Farida has previously worked with Doria Feminist Fund on supporting women’s rights and LGBTQI+ rights groups in the MENA region and ensuring that they have access to more and better resources to support their human rights work and their communities. She has a background in journalism where she focused on LGBTQI+ rights and freedom of speech in the MENA region, as well as youth initiatives. Farida holds a BA in Anthropology from the American University in Cairo and an MA in Human Rights from University College London. She was born and raised in Egypt.
“Queer populations around the world face unique risks of mass atrocities based on their identities, yet programmatic interventions and conversations on atrocity prevention often overlook their experiences, their needs and the factors that make them more vulnerable to violence. I believe that all atrocity and conflict prevention frameworks must account for and respond to these risks if they are to contribute to more just, peaceful, inclusive and equitable societies that leave no one behind."

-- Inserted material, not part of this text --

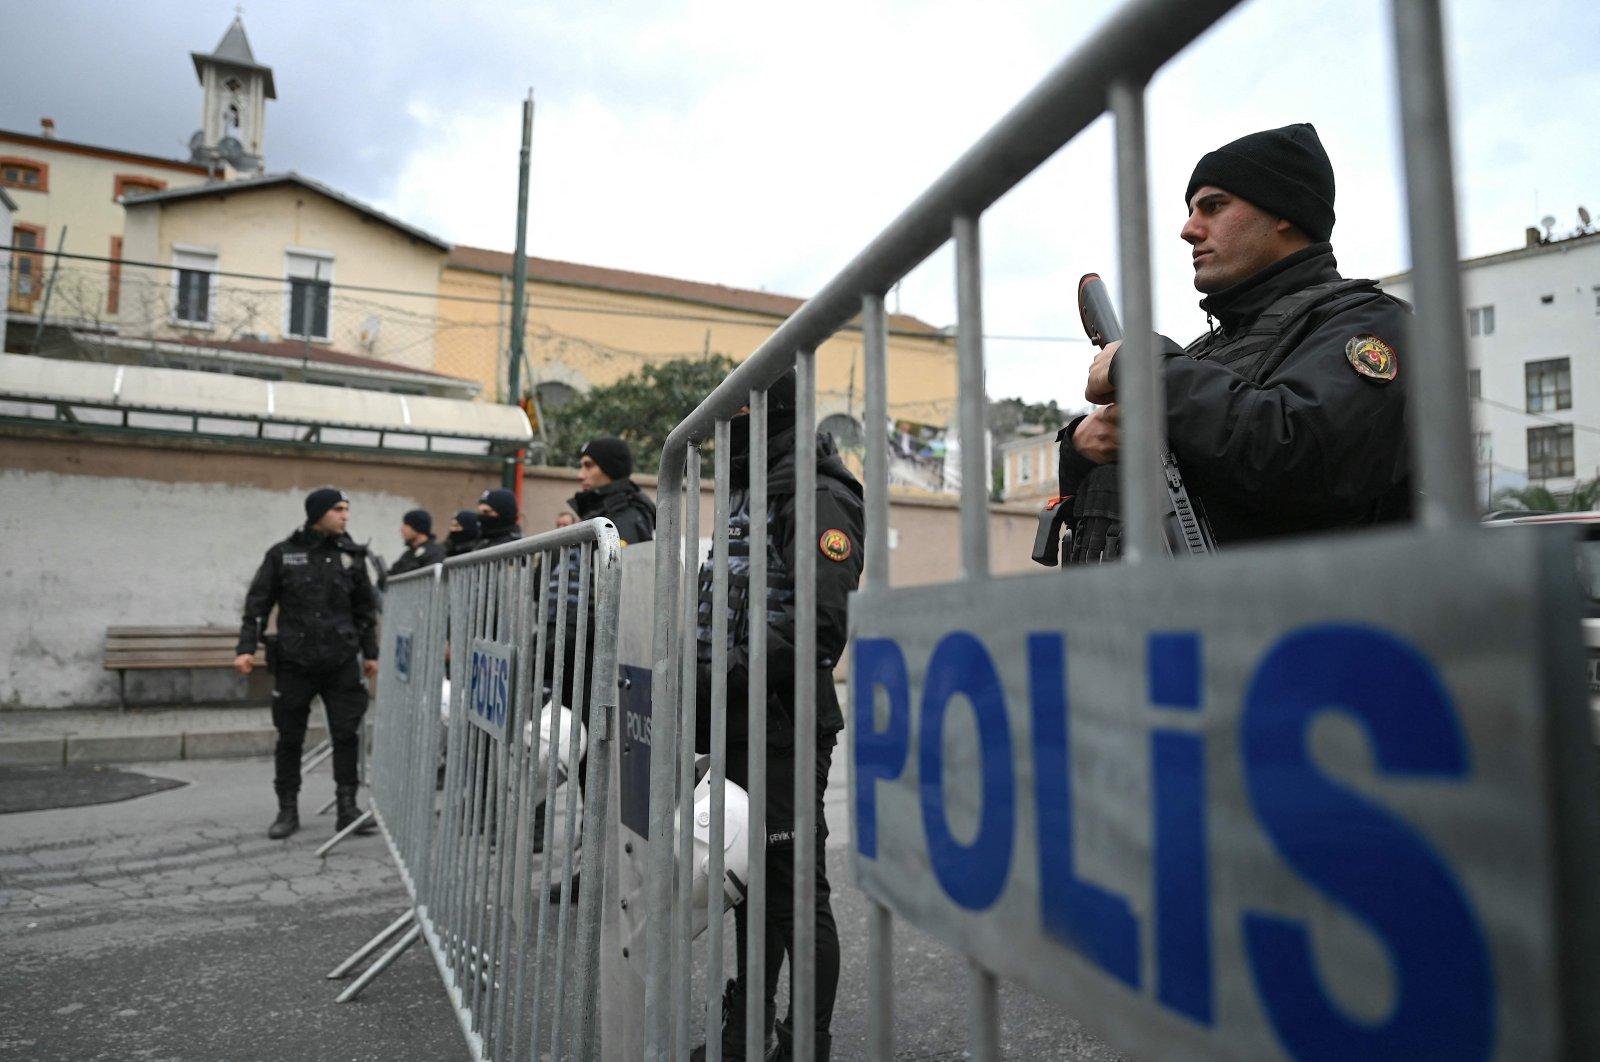 Türkiye detains 2 Daesh-linked suspects after church shooting

Andy heads our UK Stronger Communities programmes and works with schools, young people, marginalised communities, civil society organisations, and local and national decision makers, to increase understanding of the processes that lead to prejudice, marginalisation and identity-based violence, and to strengthen local and national responses. Andy also leads on managing MEL and Operations.
Andy has more than a decade of experience working with communities to build community resilience and supporting individuals to develop the practical skills, knowledge, confidence, and networks to positively and sustainably confront prejudice and hate. This includes designing and co-leading national cohesion building projects in Rwanda funded by DfID, as well as delivering community-based hate prevention programmes in London with the UK Home Office. Andy holds and MA in Human Rights from Kingston University, London.
“Creating a just and equitable world is the responsibility of all of us and with greater privilege comes greater responsibility.”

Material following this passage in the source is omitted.